The Biden administration is seeing "precisely the challenge that we expected" at the U.S. border in the hours after the Title 42 pandemic border rule was lifted, Homeland Secretary Alejandro Mayorkas said Friday.
"We knew this was going to be a difficult transition when Title 42, the public health authority that stemmed from the COVID-19 pandemic, when it ended," Mayorkas told ABC News' "Good Morning America." "It ended at 11:59 P.M. last night, and now we are using our immigration authorities, our traditional immigration authorities that deliver tougher consequences for people who cross the border illegally."
The Trump administration used Title 42 during the pandemic to stem illegal immigration. The U.S. code, enacted in 1944, is designed to prevent the entry of foreign nationals with communicable diseases into the country.
ABC show co-anchor George Stephanopoulos pressed Mayorkas on Friday on whether the number of migrants at the border with limited food and water could have been avoided. Mayorkas insisted it was "something we're ready for."
Mayorkas also warned immigrants against trying to enter the U.S. illegally after Title 42 ended and against trying to enlist the use of smugglers to sneak into the country.
"We cannot control the movement of people before they reach our border," Mayorkas said. "Our responsibility attaches once they are in our custody."
He added that the administration will "continue to communicate to migrants that this is not the way to seek relief in the United States."
"It's extraordinarily dangerous," Mayorkas said. "They are in the hands of ruthless smugglers.
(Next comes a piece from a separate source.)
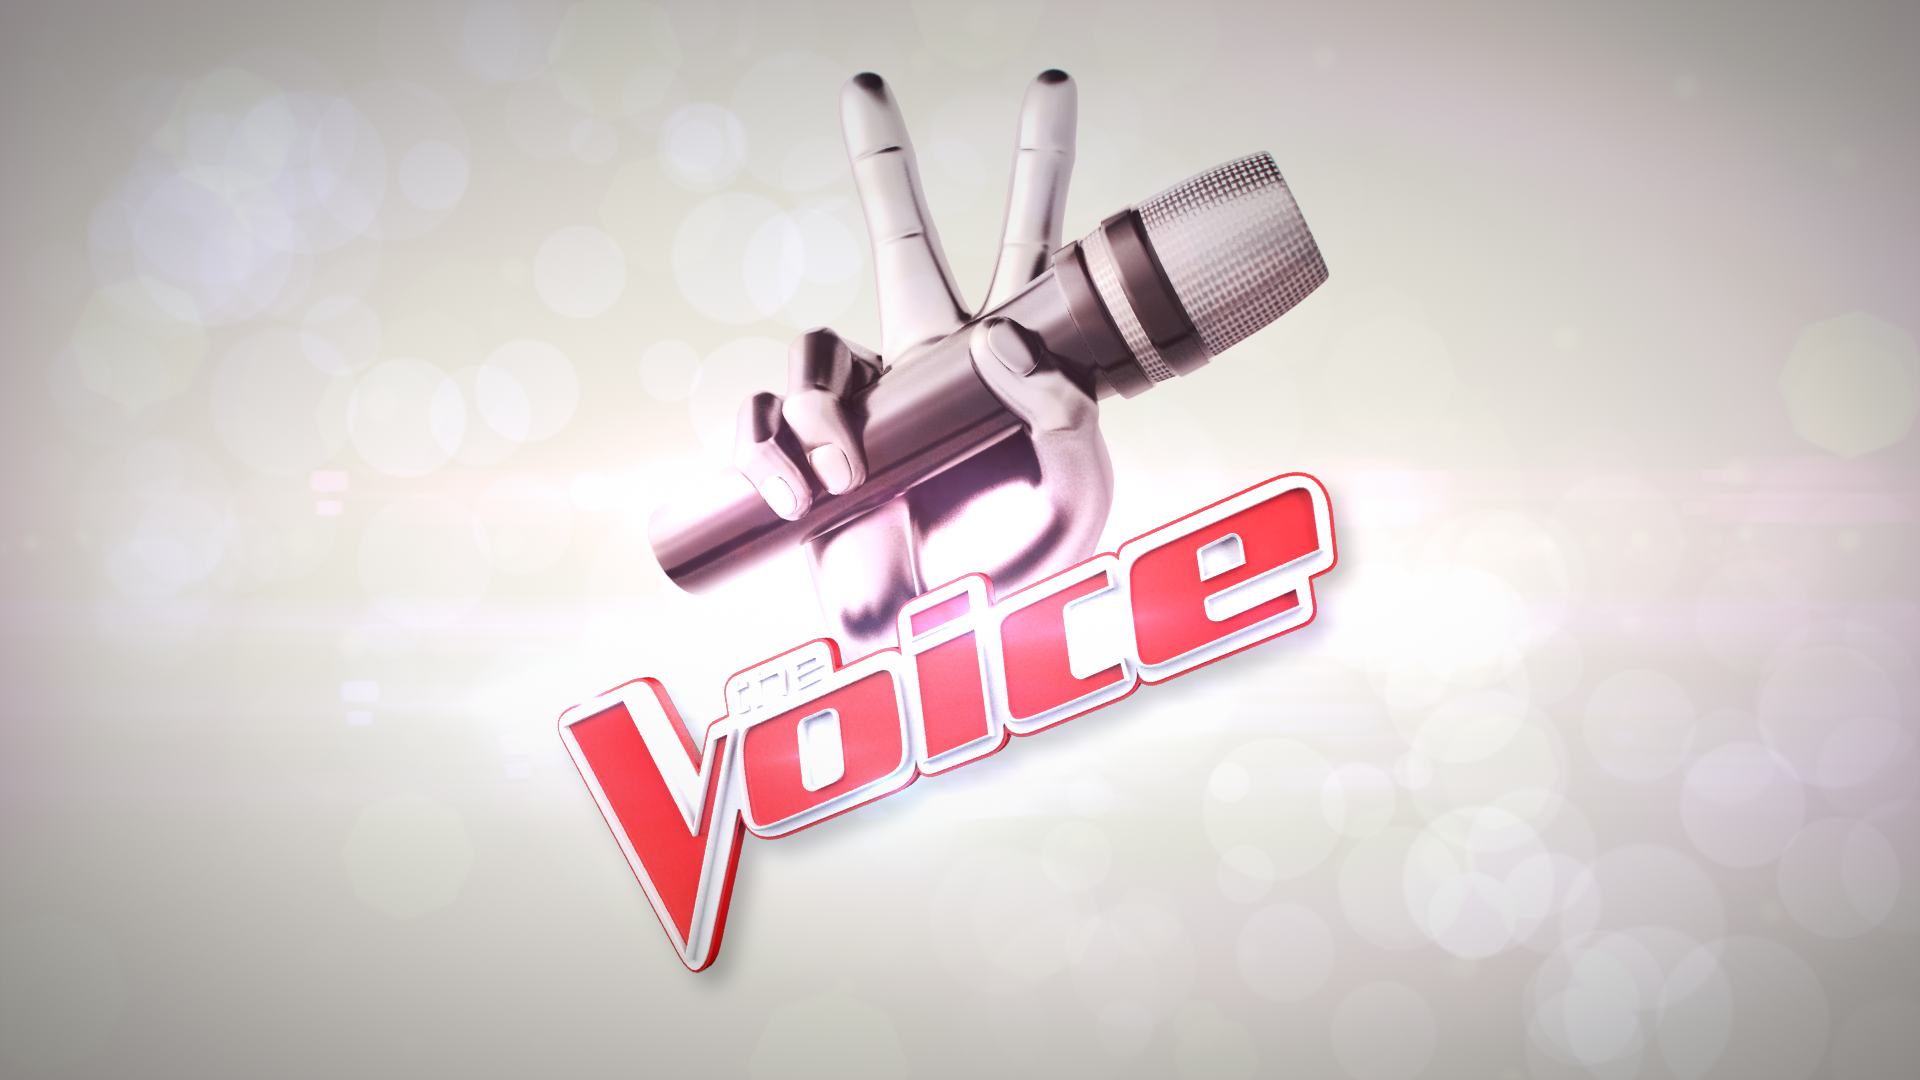 Voice. Шоу голос заставка. Шоу голос логотип. Шоу голос фон. Заставка программы голос.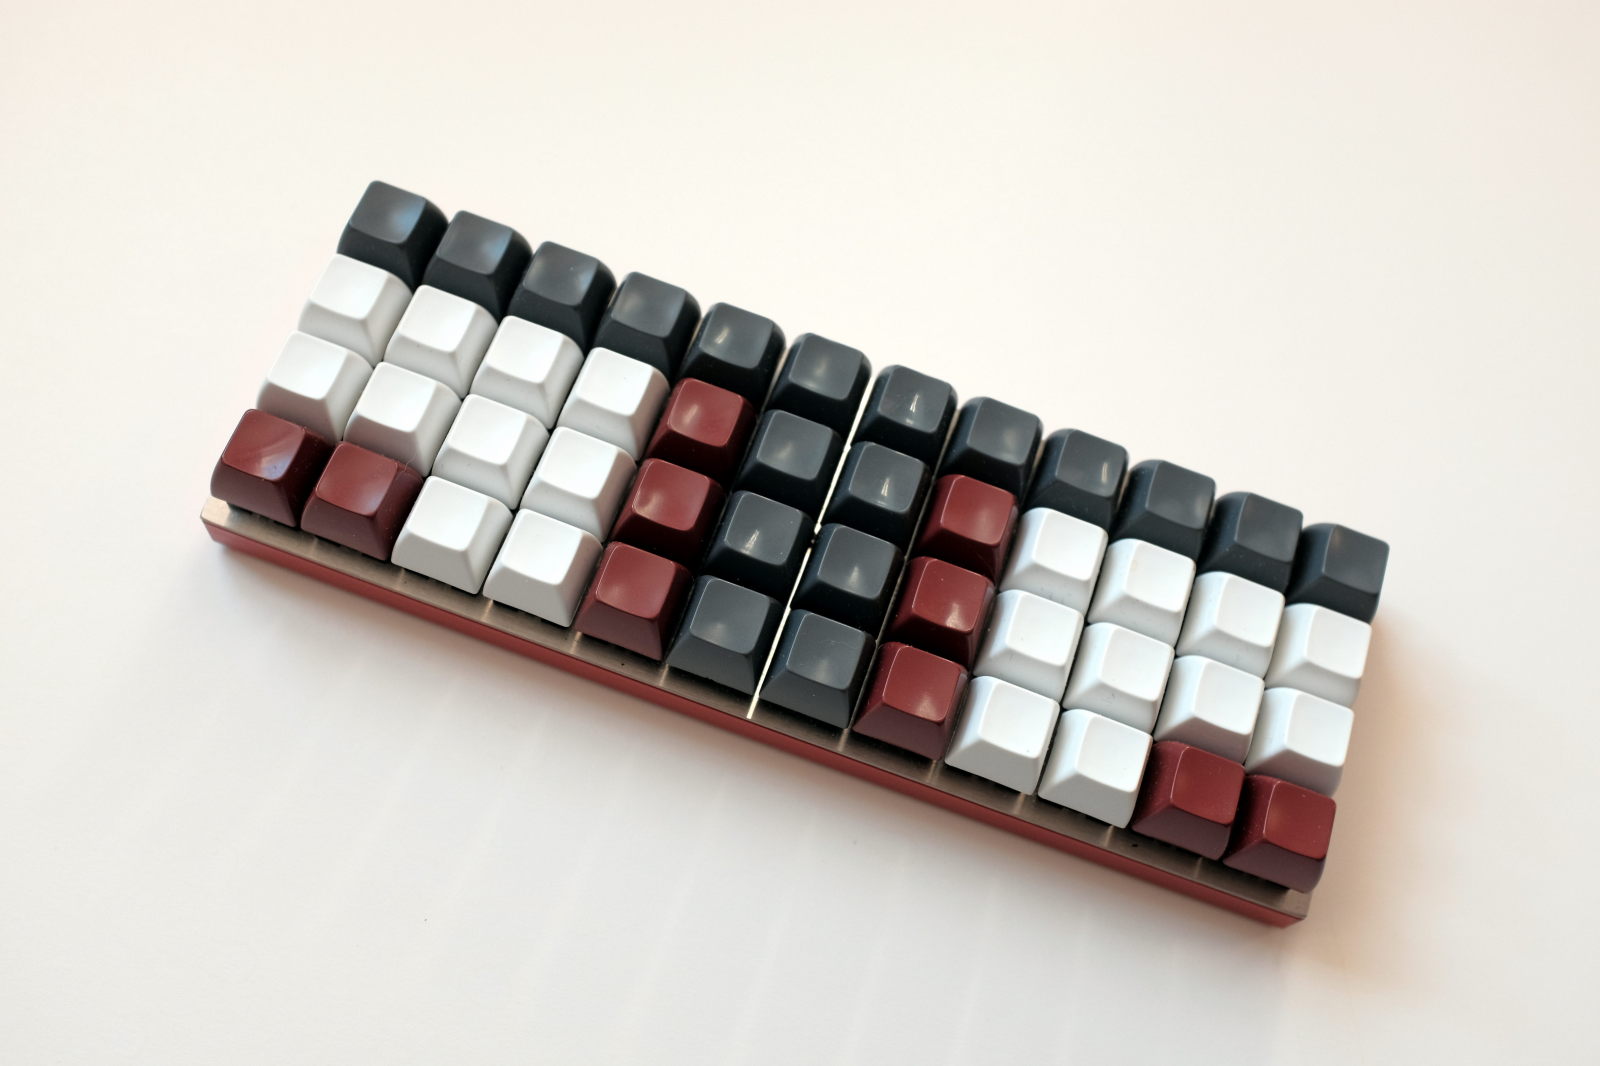 Wide Planck keyboard

We have built lawful, safe, and orderly pathways for them to come to the United States. They are going to meet tough consequences if they arrive at our border irregularly."
Mayorkas on Friday criticized Texas Gov. Greg Abbott for sending buses of migrants to other places in the U.S.
"It is a very sad and tragic day when a government official uses human beings as pawns to score political points," Mayorkas said.
He also called a late-night ruling by a federal judge in Florida, who directed the U.S. Border Patrol not to release migrants without formal notices to appear in immigration court, as "harmful."
The Border Patrol had been allowing some immigrants to be released into the country without giving them a formal notice to appear, saying that doing so could take time and add to overcrowding in its holding facilities, reported The New York Times.
"The practice of releasing individuals when our Border Patrol facilities, when our stations are overcrowded, is something that each administration has done from administration to administration," Mayorkas said. "This is a harmful ruling and the Department of Justice is considering our options."
Meanwhile, when asked if the situation at the border will get worse before it gets better, Mayorkas noted that his department has "said all along that this period of transition from using a public health authority to our immigration authorities is going to be tough, it's going to be challenging."
But he told Stephanopoulos: "We have a plan. We've been executing our plan. It will take time but we have confidence that our plan will work. It has worked in the past."